**TASK GOAL**
What you give back should be exactly the lines from the one with "Крышка закаточная твист-офф" through the final line of the material, pictures removed; please add nothing.
#### RAW DATA
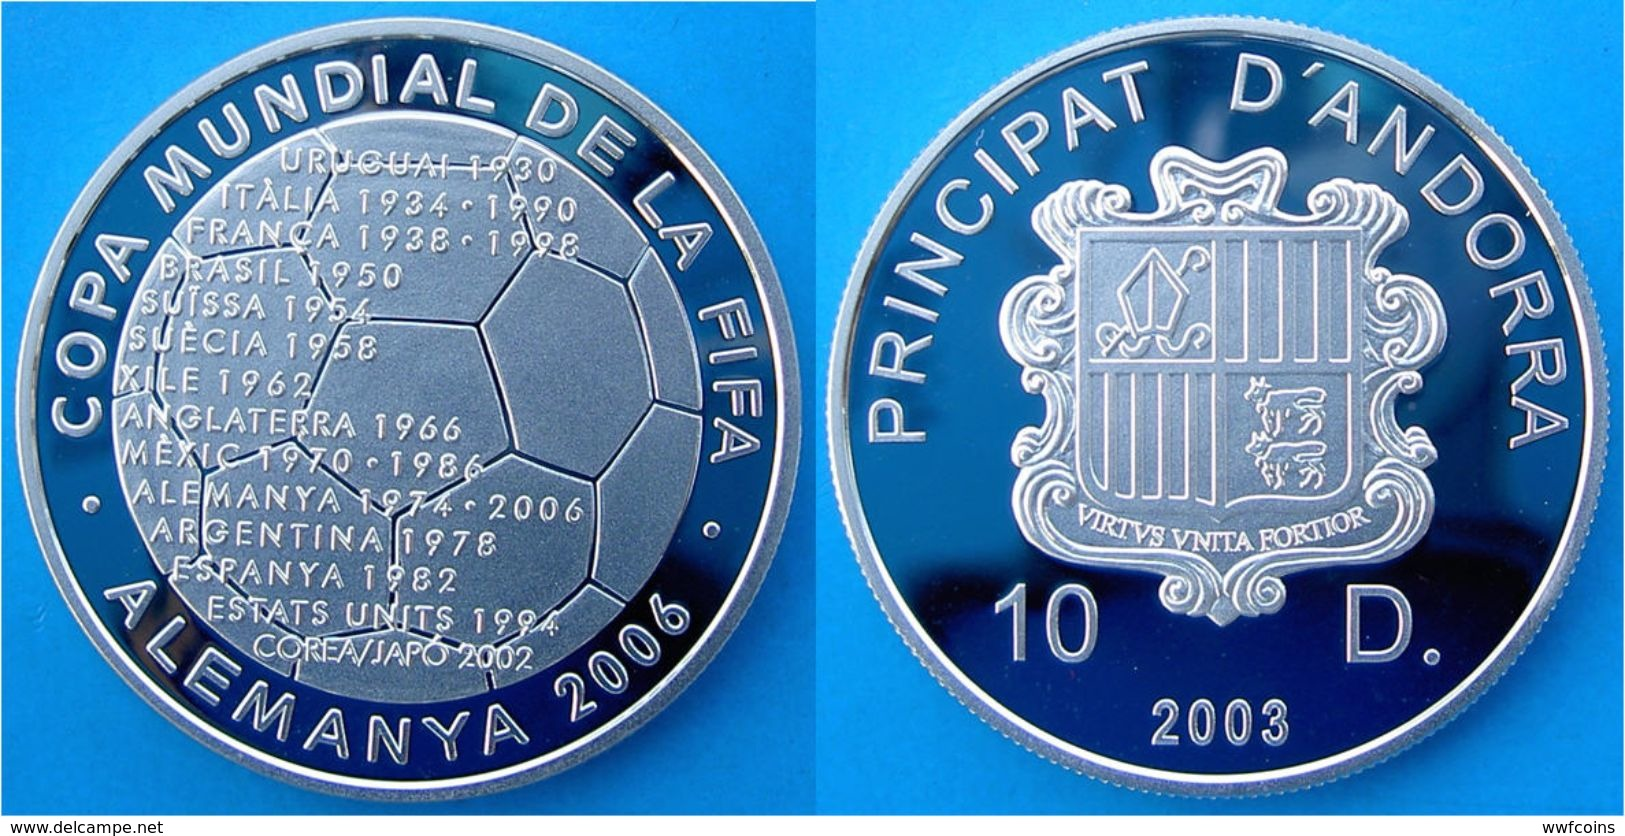 ANDORRA 10 D 2003 ARGENTO PROOF SILVER GERMANY FOOTBALL WORLD CHAMPIONSHIP FOOTBALL PESO 31,4g TITOLO 0,925 CONSERVAZION - Andorra
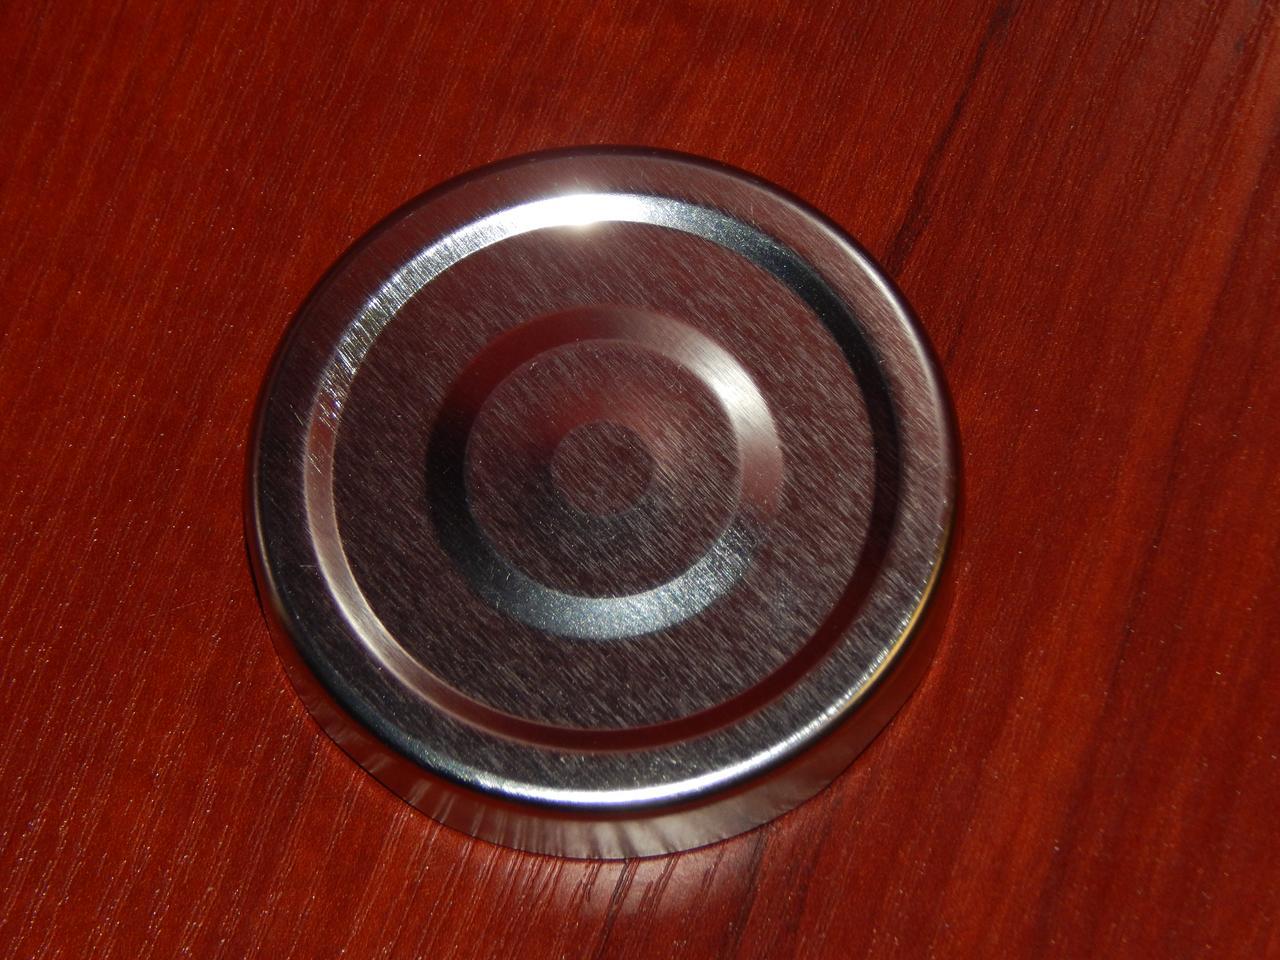 Крышка закаточная твист-офф размер 63 мм Deep серебро (высота 15 мм) кнопка
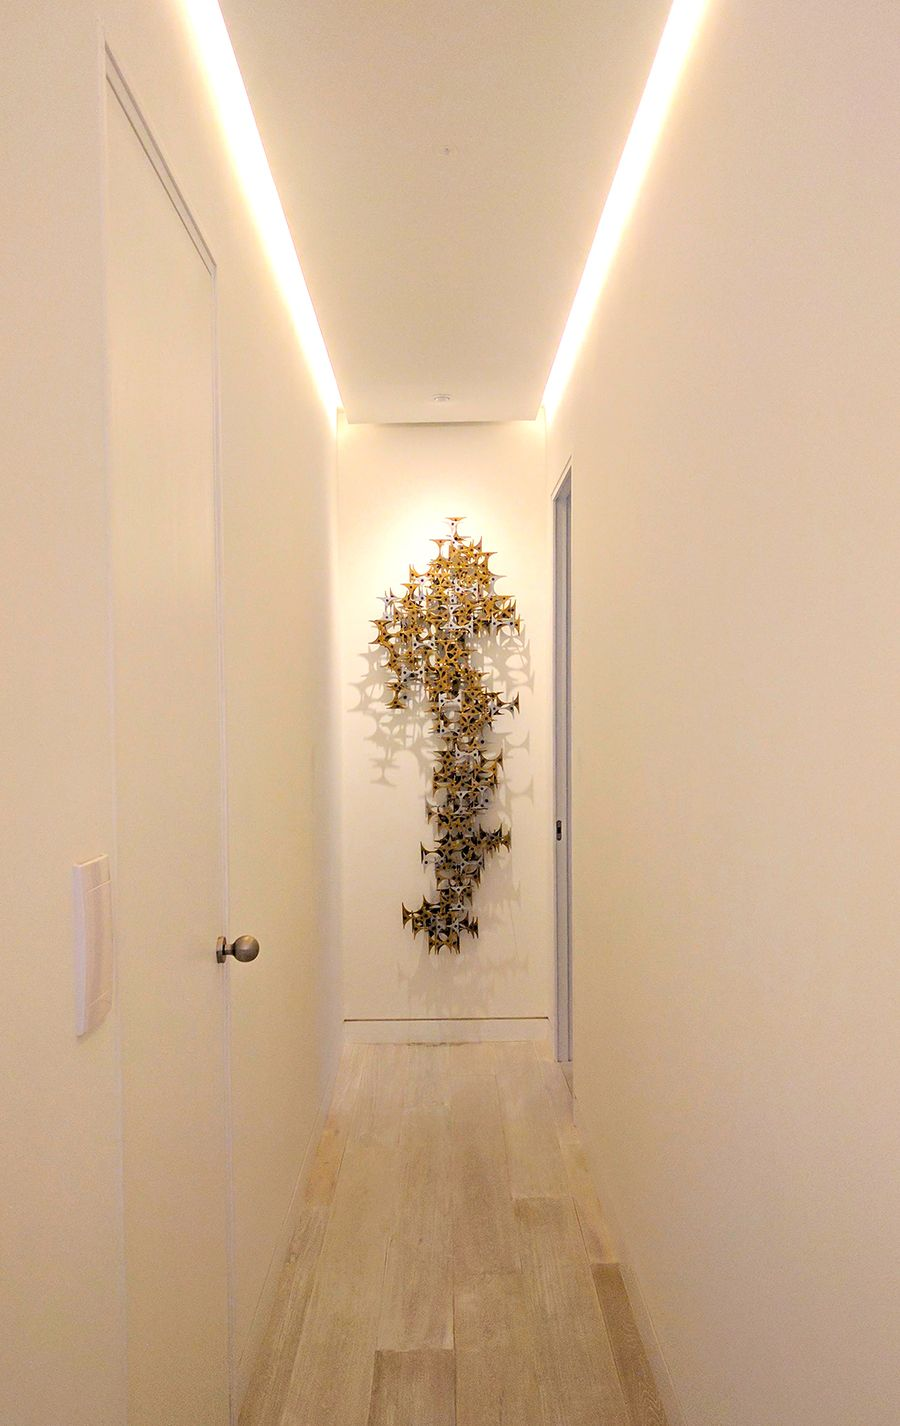 Pasillo con iluminaci n indirecta mediante tira de led oculta en la fosa del techo escultura - Iluminacion indirecta led ...
########
**PROBLEM SOLUTION**
 Крышка закаточная твист-офф размер 63 мм Deep серебро (высота 15 мм) кнопка
 Pasillo con iluminaci n indirecta mediante tira de led oculta en la fosa del techo escultura - Iluminacion indirecta led ...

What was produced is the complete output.